A few weeks back, President Obama made remarks about consumer needs for strong encryption versus law enforcement and national security needs for access to private data. I complained at the time that the President simply didn’t get it — there’s no such thing as making the encryption “a little bit” weak. Over the last ten days, it’s been Congress’s turn, and they don’t get it either. On Monday, the House committee held hearings on the problem. The politicians wound up in the same place as the President: the answer is — because the politicians say it must exist — some compromise that gives law enforcement access but is so strong that the other bad guys are kept out. They’re just as wrong as the President was about the existence of such a compromise.
The Senate found a new way to be wrong. Last week, Senators Richard Burr (R-NC) and Dianne Feinstein (D-CA) released the proposed text for their update to the All Writs Act this past week. The AWA dates to 1789 and gives the courts authority to order all actions necessary to their function. The AWA has been in the headlines lately because of a federal court order requiring Apple to assist the FBI in decrypting the contents of an iPhone used by one of the San Bernardino shooters. The new mistake is language that requires tech companies to provide court-ordered data “in an intelligible format,” or provide the necessary technical assistance for the government to obtain the data in such a format. What does intelligible mean? The draft spells it out:
(10) INTELLIGIBLE. — The term “intelligible”, with respect to information or data, means — (A) the information or data has never been encrypted, enciphered, encoded, modulated, or obfuscated; or (B) the information or data has been encrypted, enciphered, encoded, modulated, or obfuscated and then decrypted, deciphered, decoded, demodulated, or deobfuscated to its original form.
The authors have tried to cover a lot of bases, and overreached as a result. There is an implicit requirement that encodings of all sorts be reversible — that the original data can be recovered. While ciphers fit that requirement by design, it’s not necessarily true for other types of encoding. Some of them are “lossy” — data is intentionally discarded (lost) and can’t be recovered.

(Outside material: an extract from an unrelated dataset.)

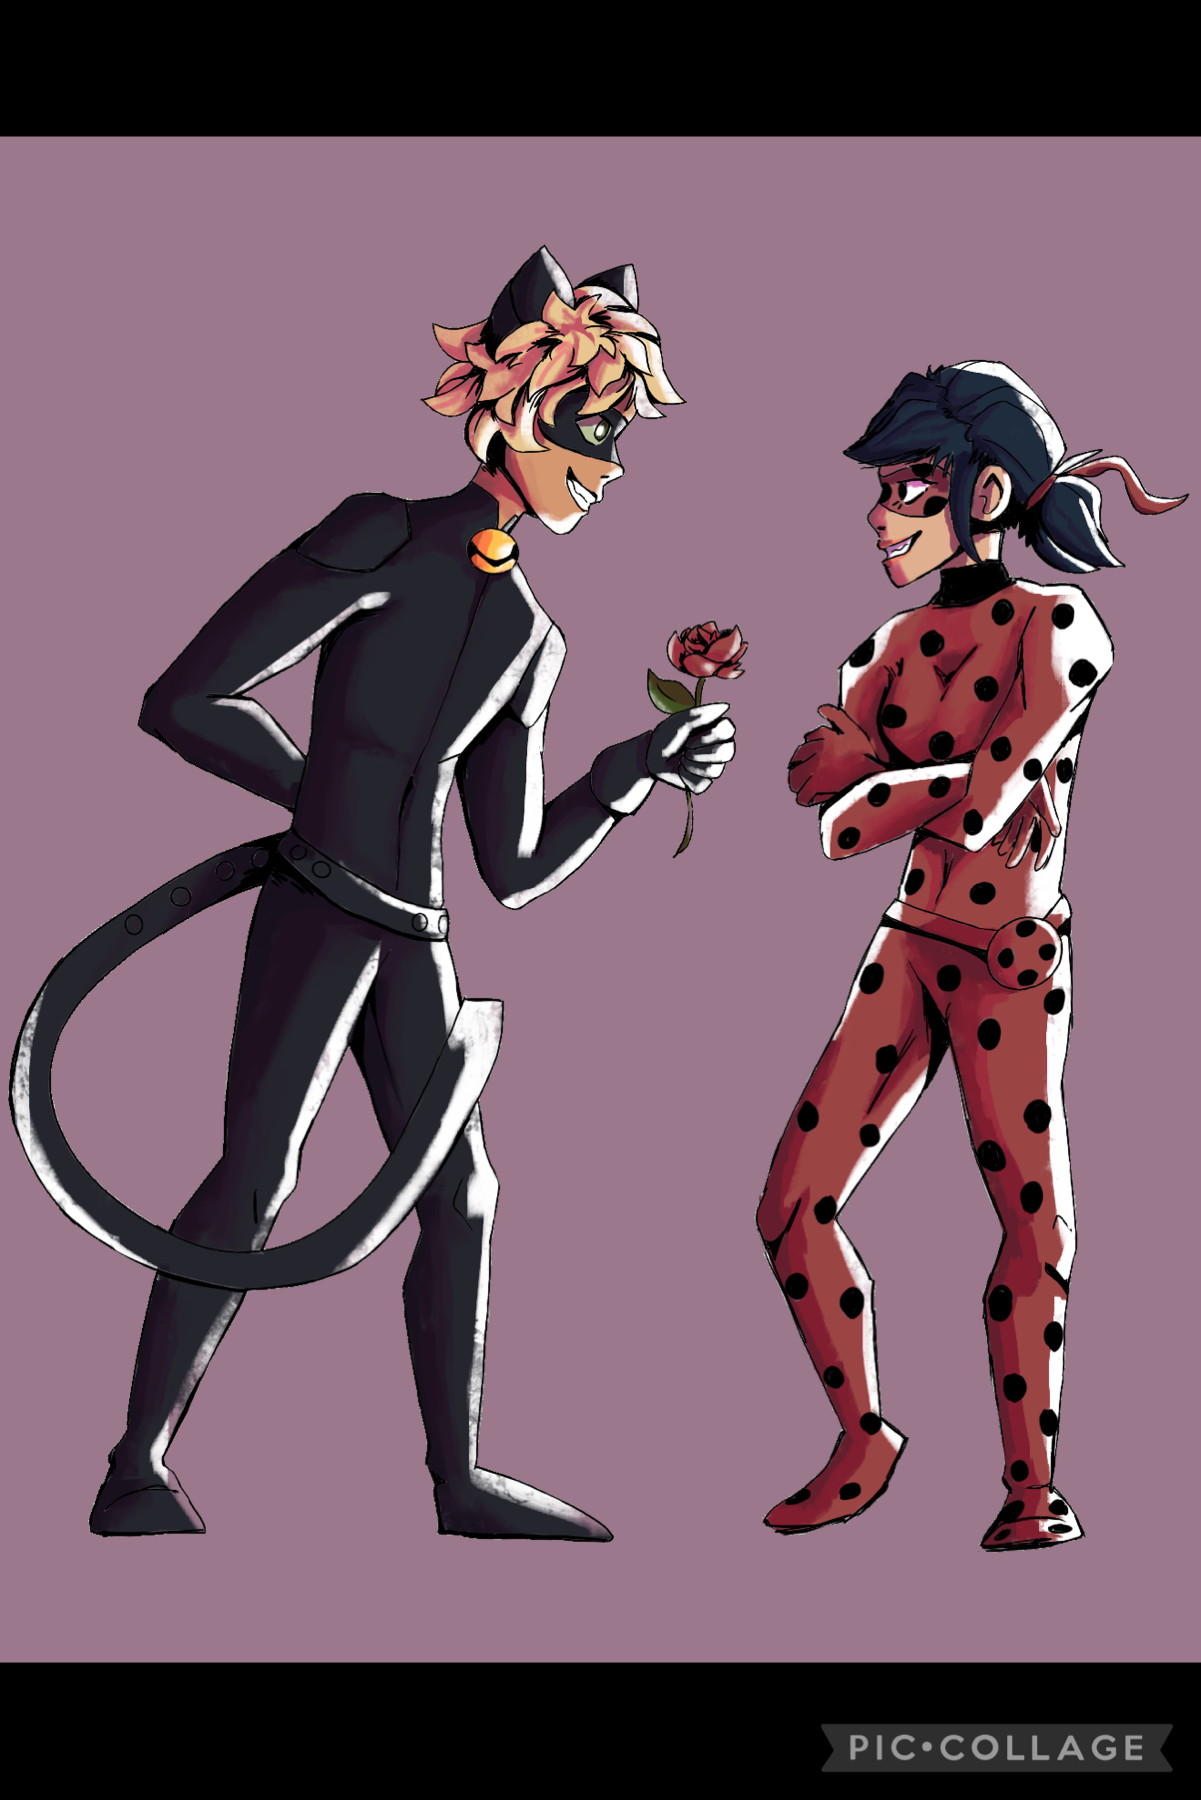 🐞 Tap 🐞 

May I introduce to you my latest obsession, I’ve literally gotten so invested in these two characters

Image compression is an easy case. A raw grayscale image typically consists of eight bits for each pixel, representing different shades of gray from black to white. The top image on the left is such an image. When encoded according to the JPEG standard, the size of the file representing the image is decreased dramatically. More importantly for this discussion, exactly reversing the encoding in order to recover the original data is not technically possible. The middle image is a reconstruction from the JPEG version that was about one-third the size of the original. To a human — or software mimicking human image processing, such as facial recognition — the differences are nearly indistinguishable. JPEG is designed to preserve the important bits, but not the unimportant ones, from a human visual perspective. But a JPEG-encoded image would certainly seem to be a technical violation of the draft statute: the original form of the data can’t be recovered.
(The bottom image compares the previous two, pixel by pixel. In the comparison, the lighter the pixel the greater the difference in the corresponding pixels in the two images. Most of the pixels are wrong, but in ways that don’t interfere with how humans see things.)
Images aren’t the only place this happens. For a time, “disemvoweling” objectionable comments was a fairly common blogging practice. The blog owner removed all of the vowels from the comment text, a form of obfuscation. “Mike is a silly twit” was replaced by “Mk s slly twt”. The comment was still presented inline, and the content could usually be reconstructed, but that took some effort and most people would simply skip over it instead. This scheme renders both of the phrases “fiery lava” and “fairy love” as “fry lv”. In context, which expansion is correct may be clear. Sometimes it’s not. The token “lv” is particularly difficult here. Alive, lava, lave, leave, levee, live, love, and olive are all possible. As is the case with image encoding, the text obfuscation is lossy and cannot be reversed by a static algorithm. Human judgment is sometimes/often required.
Most frustrating about all of this is the implicit assumption that the bad guys are uniformly stupid. There’s an assumption that a terrorist leader, for example, will communicate in clear text using a cipher. Ciphers are only one method of passing secret information. A codebook, where a phrase is assigned a specific arbitrary meaning, is a different method. Phrases from a codebook are much harder to decode. Suppose that the authorities determine, from context, that the text “fry lv” should be taken as “fiery lava”. What does that phrase correspond to in the codebook? Execute attack plan “L” per previously agreed-upon schedule? Or run like hell, the FBI is on to us?
Expressed another way, citizens are being asked to surrender the benefits of strong encryption on the assumption that the bad guys are amateurs, not pros. And don’t have access to pros. But a different type of bad guy, the ones interested in stealing my data for their own financial gain, already employ pros. Very good pros. Let’s not weaken commercially-available encryption and make it easier for one kind of bad guy just because we’re afraid of a different sort of villain. And in particular, if we’re going to go ahead and outlaw strong ciphers, let’s write laws that do that narrowly instead of potentially entangling a lot of other data manipulations.